Anonymous and desperate. Both of
which I was at the moment.

“How will we find this disk?” I
asked.

“We will search tirelessly, to the
corners of the Earth if we need to. And don’t worry, I have ways of funding our
little, shall we call them, adventures.”

A smile pinned onto my lips.
“That’s good. The corners of the Earth are good. Far away from here is very
good.”

“There is one matter that might
make things complicated.”

“What is it?”

“It turns out the United States
Government already knows that the disk exists,” he paused to wet his lips, “and
they are desperately seeking it.”

“If they find it before we do, they
can restore our identities and then it’s all over, right?”

“Exactly. Which is why we must
ensure that we find it first. Before the government, before Enoch Sprites, and
before anyone else in the world. We will need to be meticulous. Our ducks need
to be in a row at all times. But that shouldn’t be a problem. I can tell how
badly you want to hide from your secret, Alice.”

I shot my eyes back to the kid in
the Yale cap. “Why did Rabbit agree to help you?”

“Rabbit got into a little trouble
at school and he would like to keep the past in the past. Lucky for us, he’s
somewhat of a boy wonder when it comes to computers.

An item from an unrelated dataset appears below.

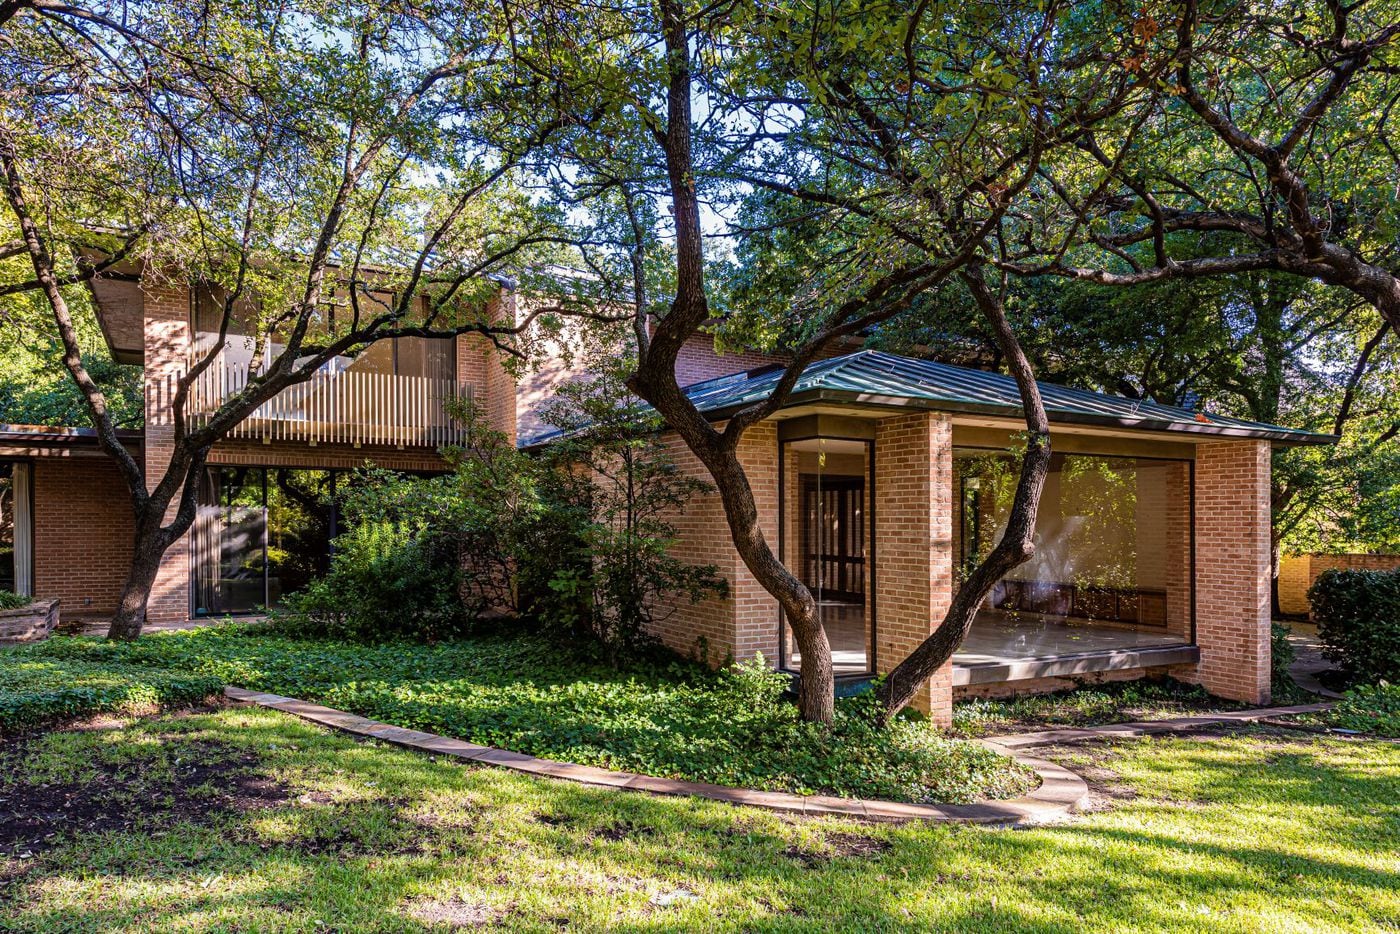 A look at the McDermott House on Preservation Dallas  Modern Masterpieces Fall Architectural Tour.

His technical wizardry
will prove priceless.”

“How long will it take us to find
the disk?”

“Good question. There isn’t a
timeline for this kind of work. It’s messy. However long it takes, you will
work for me, and then I will let you go, and you can become any identity you
wish. I have a way of arranging that. But now that you know about the existence
of the disk, you can never walk away until it has been destroyed. The only two
options are success or death.”

“According to who?” I asked.

“According to me.” He shuffled the
cards in his lap.

I took a hard swallow as the train
grunted and pulled away from the station. Once it climbed above ground on the
tracks, daylight breathed onto the windows, showing my reflection, and I didn’t
recognize myself beneath the twisted crown of red hair. I had an instinct to
run away from Motley right then and there, before I got too deep down the
rabbit hole, into that dark place he warned me about. It’s an instinct that has
never gone away, even after three years of working for him. If it hadn’t been
for the terrible secret inside my sneaker, I would have run that first day.

Motley nested into his seat and pulled
a pack of Dunhill cigarettes and silver Zippo lighter from his breast pocket.
He sifted a cigarette from the pack and held it out to me. I grabbed it, not
sure which end was up, and popped it into my mouth like candy. Motley held the
lighter under my lips, hesitating before igniting it to ask me a question. “Do
you know what a thumb drive looks like, Alice?”